We landed in London, and we were met by our hosts, and taken to our destination, some 25 kilometres away, by car, so this was my first opportunity to observe the condition of the roads, and the efficiency of the traffic lights. The trip took about 45 minutes, with the busy roads adding time pressure, but the experience was truly surreal for a Johannesburg native, as despite keen observation, I could not find one pothole, nor could I find a single robot out of order. The surrealism turned to absolute incredulity over the next few days, with the same experience day after day.
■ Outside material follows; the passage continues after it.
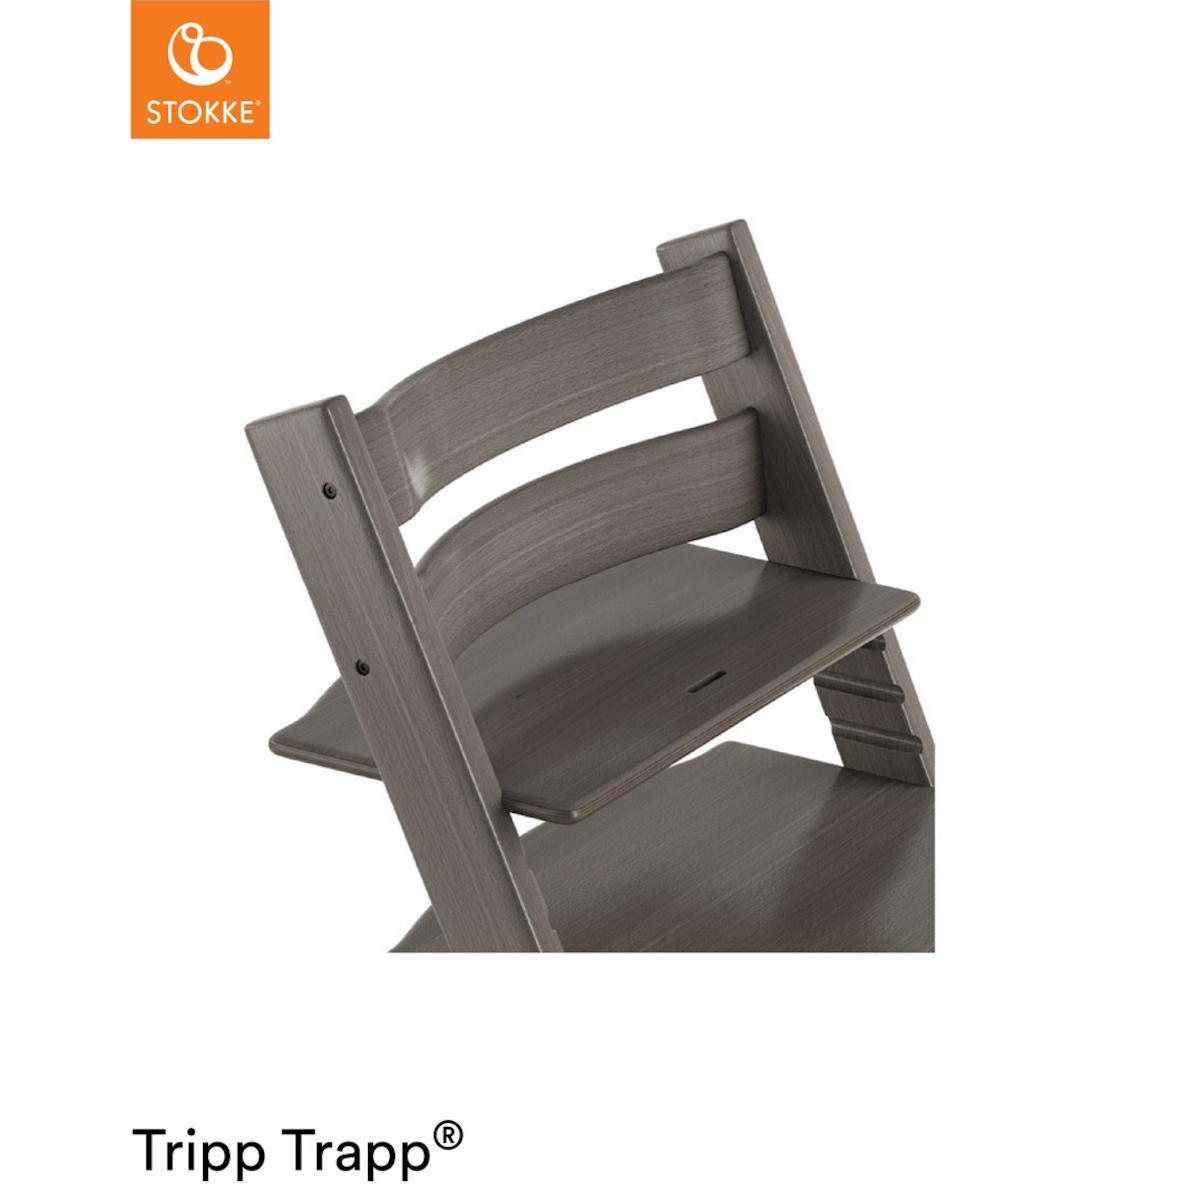 Trona bebé TRIPP TRAPP Stokke gris bruma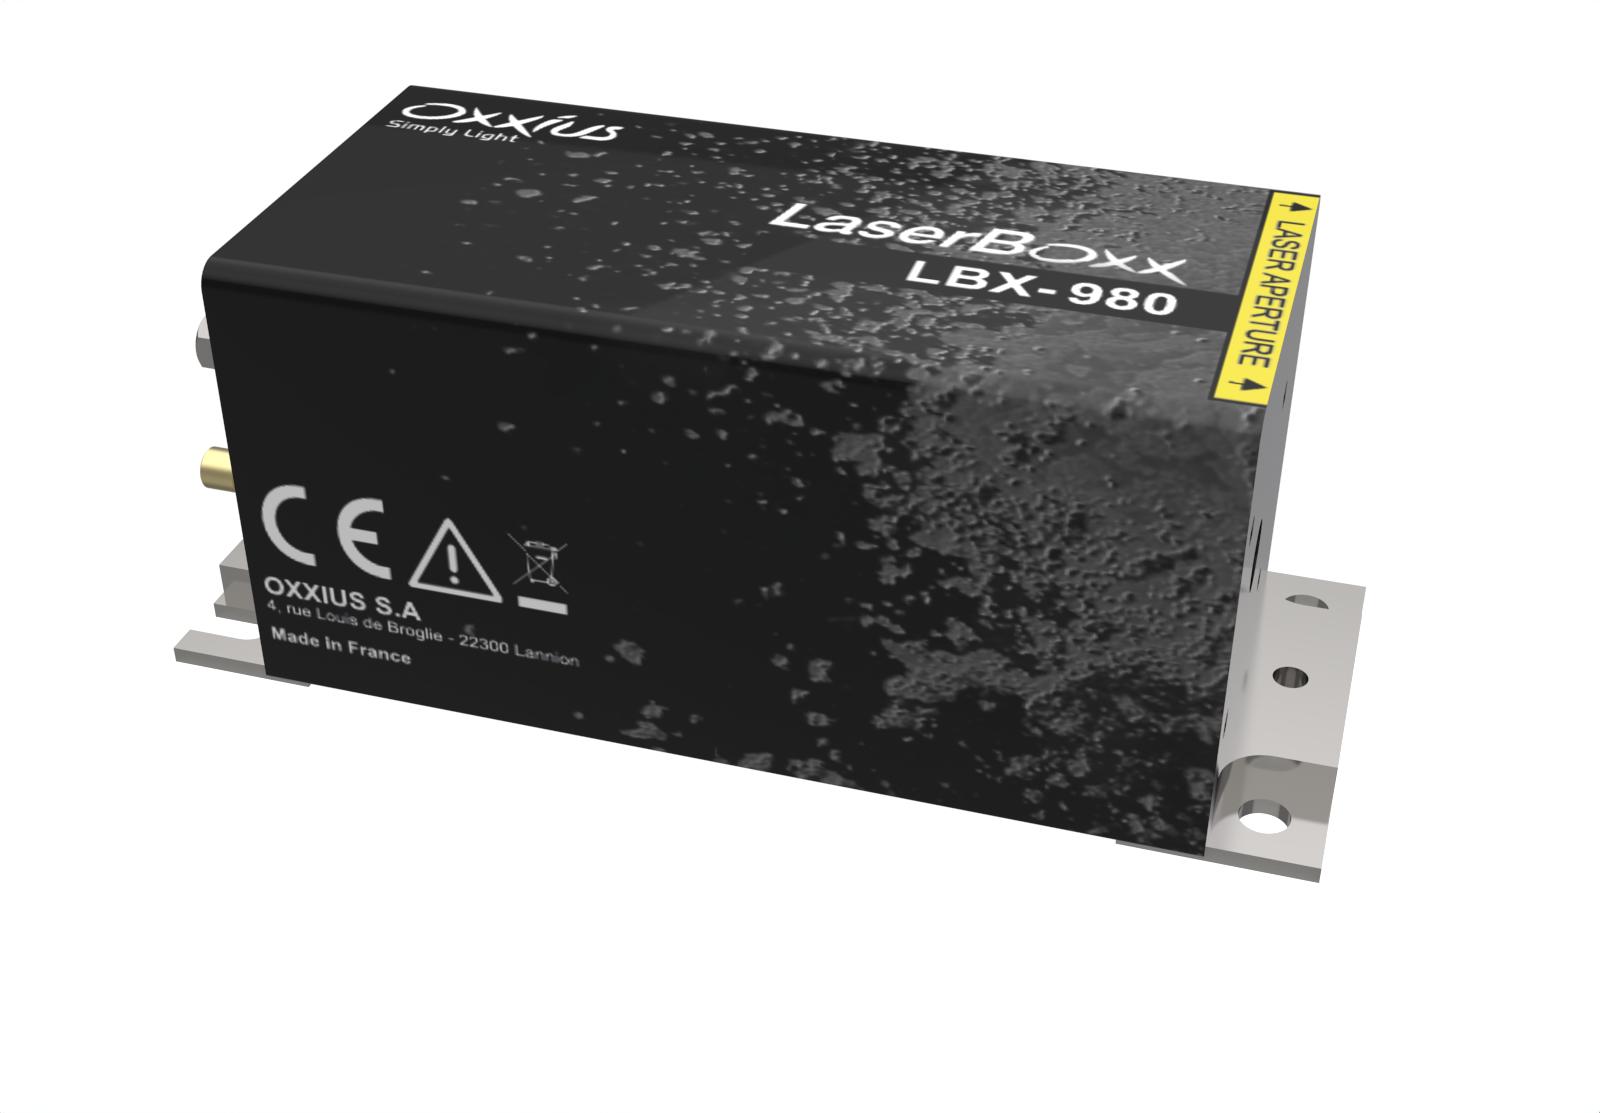 LBX-980-200-CSB: 980nm Laser Diode Module

Close to perfect roads, and an incredibly efficient traffic light network. It was is if I had moved to another planet, let alone another country.

My astonishment turned into reflection. Why this massive difference in city management, and political will? The oft repeated excuses from the Johannesburg Road Agency (JRA) about old infrastructure, and water damage from rain, just does not wash, excuse the pun, because have you noticed folks, London gets rain all year round, and it is two centuries old. Imagine if the JRA had to look after London’s road infrastructure, and it trotted out these ridiculous excuses. There would be riots on the streets, and a tax revolt within weeks, and there would be serious political consequences for those in power. This does not happen in South Africa, but one can dream.

The bottom line is that poor management at all levels of government, and the appointment of poorly qualified people across the spectrum, is like a cancer spreading through our economy, with the appalling value of the Rand being just one manifestation. The saying goes that in marketing perception is fact, but when it comes to road and robot maintenance, reality is perception. So to boast over and over again that Johannesburg is a world class African city, whilst the roads and robots are badly maintained, just does not cut it. The reality is that London is a world class European city, run by first world bureaucrats, whilst Johannesburg is an African class world city, run by third world buffoons. I’d love to say otherwise, but until they get the roads and robots right, and the long suffering Johannesburg motorist continues to take the punishment, reality is reality.

Add pic: When I took this pic in the district of Morden, in the borough of Merton, I was quite excited, as I thought that I had found the elusive broken robot. But alas, it was a maintenance team, ensuring that the traffic lights are in good order, so that they do not break down! An intriguing thought for the JRA to consider. Or is the word thought hyperbolic?